Categories
benchmarking c++ getline iostream python

Why is reading lines from stdin much slower in C++ than Python?

2098

I wanted to compare reading lines of string input from stdin using Python and C++ and was shocked to see my C++ code run an order of magnitude slower than the equivalent Python code. Since my C++ is rusty and I’m not yet an expert Pythonista, please tell me if I’m doing something wrong or if I’m misunderstanding something.


(TLDR answer: include the statement: cin.sync_with_stdio(false) or just use fgets instead.

TLDR results: scroll all the way down to the bottom of my question and look at the table.)


C++ code:

#include <iostream>
#include <time.h>

using namespace std;

int main() {
    string input_line;
    long line_count = 0;
    time_t start = time(NULL);
    int sec;
    int lps;

    while (cin) {
        getline(cin, input_line);
        if (!cin.eof())
            line_count++;
    };

    sec = (int) time(NULL) - start;
    cerr << "Read " << line_count << " lines in " << sec << " seconds.";
    if (sec > 0) {
        lps = line_count / sec;
        cerr << " LPS: " << lps << endl;
    } else
        cerr << endl;
    return 0;
}

// Compiled with:
// g++ -O3 -o readline_test_cpp foo.cpp

Python Equivalent:

#!/usr/bin/env python
import time
import sys

count = 0
start = time.time()

for line in  sys.stdin:
    count += 1

delta_sec = int(time.time() - start_time)
if delta_sec >= 0:
    lines_per_sec = int(round(count/delta_sec))
    print("Read {0} lines in {1} seconds. LPS: {2}".format(count, delta_sec,
       lines_per_sec))

Here are my results:

$ cat test_lines | ./readline_test_cpp
Read 5570000 lines in 9 seconds. LPS: 618889

$ cat test_lines | ./readline_test.py
Read 5570000 lines in 1 seconds. LPS: 5570000

I should note that I tried this both under Mac OS X v10.6.8 (Snow Leopard) and Linux 2.6.32 (Red Hat Linux 6.2). The former is a MacBook Pro, and the latter is a very beefy server, not that this is too pertinent.

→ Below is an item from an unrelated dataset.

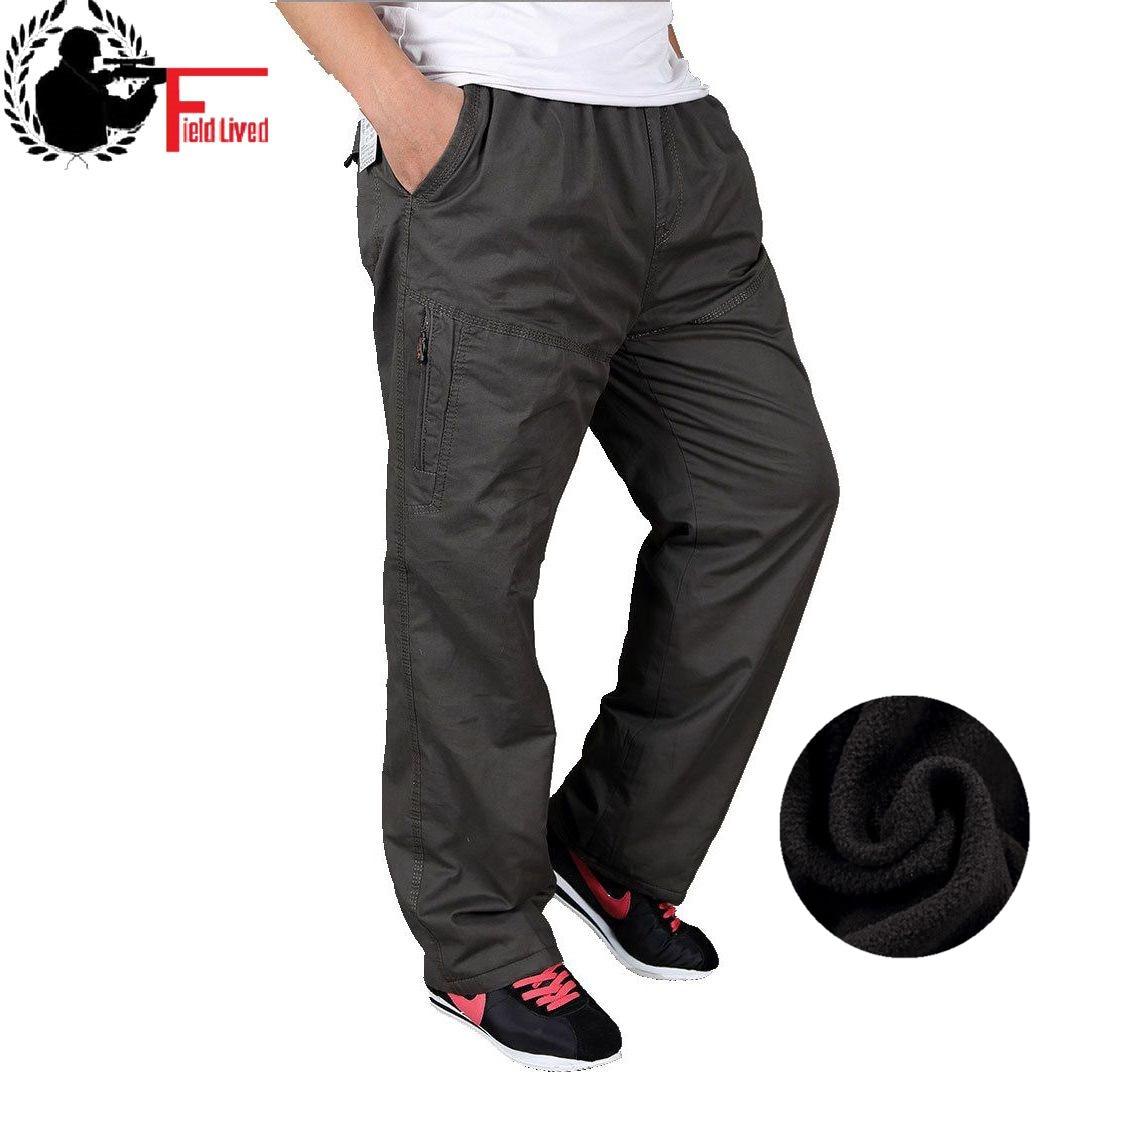 2er Pack Homme en survêtement Noir Pantalon Grand Tailles 4xl 5xl 6xl 7xl grande taille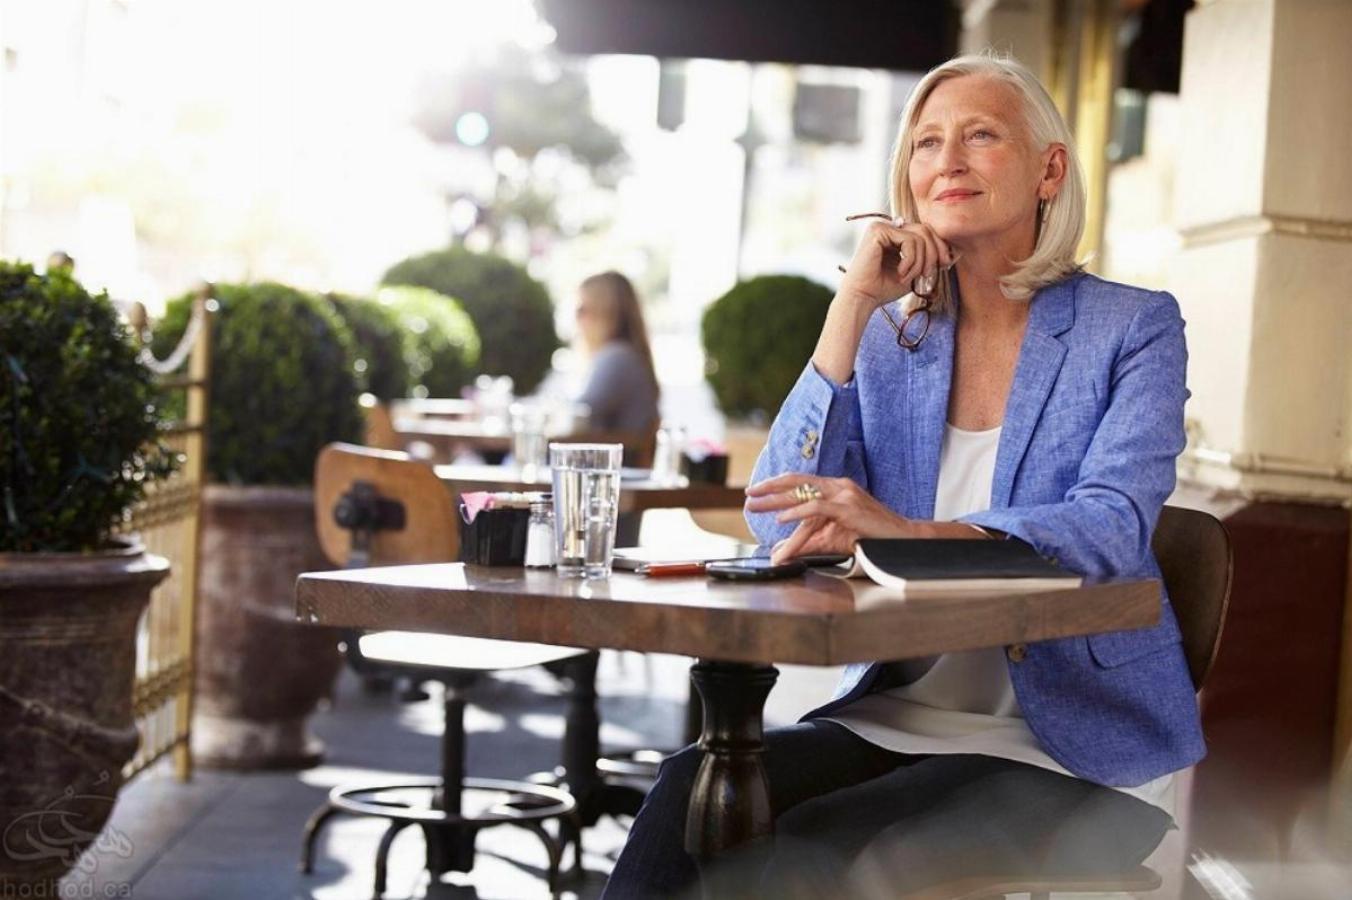 قدرت اراده یک مدل 60 ساله: هیچ گاه برای شروع دیر نیست!

$ for i in {1..5}; do echo "Test run $i at `date`"; echo -n "CPP:"; cat test_lines | ./readline_test_cpp ; echo -n "Python:"; cat test_lines | ./readline_test.py ; done
Test run 1 at Mon Feb 20 21:29:28 EST 2012
CPP:   Read 5570001 lines in 9 seconds. LPS: 618889
Python:Read 5570000 lines in 1 seconds. LPS: 5570000
Test run 2 at Mon Feb 20 21:29:39 EST 2012
CPP:   Read 5570001 lines in 9 seconds. LPS: 618889
Python:Read 5570000 lines in 1 seconds. LPS: 5570000
Test run 3 at Mon Feb 20 21:29:50 EST 2012
CPP:   Read 5570001 lines in 9 seconds. LPS: 618889
Python:Read 5570000 lines in 1 seconds. LPS: 5570000
Test run 4 at Mon Feb 20 21:30:01 EST 2012
CPP:   Read 5570001 lines in 9 seconds. LPS: 618889
Python:Read 5570000 lines in 1 seconds. LPS: 5570000
Test run 5 at Mon Feb 20 21:30:11 EST 2012
CPP:   Read 5570001 lines in 10 seconds. LPS: 557000
Python:Read 5570000 lines in  1 seconds. LPS: 5570000

Tiny benchmark addendum and recap

For completeness, I thought I’d update the read speed for the same file on the same box with the original (synced) C++ code. Again, this is for a 100M line file on a fast disk. Here’s the comparison, with several solutions/approaches:

ImplementationLines per second
python (default)3,571,428
cin (default/naive)819,672
cin (no sync)12,500,000
fgets14,285,714
wc (not fair comparison)54,644,808

6

  • 24

    Did you run your tests multiple times? Perhaps there is a disk cache issue.

    Feb 21, 2012 at 2:20

  • 3

    @VaughnCato Yes, and on two different machines as well.

    – JJC

    Feb 21, 2012 at 2:22

  • 20

    The problem is synchronization with stdio — see my answer.

    Feb 21, 2012 at 3:30

  • 26

    Since nobody seems to have mentioned why you get an extra line with C++: Do not test against cin.eof()!! Put the getline call into the ‘if` statement.

    – Xeo

    Feb 21, 2012 at 18:29

  • 27

    wc -l is fast because it reads the stream more than one line at a time (it might be fread(stdin)/memchr('\n') combination). Python results are in the same order of magnitude e.g., wc-l.py

    – jfs

    Feb 27, 2012 at 0:21

1873

tl;dr: Because of different default settings in C++ requiring more system calls.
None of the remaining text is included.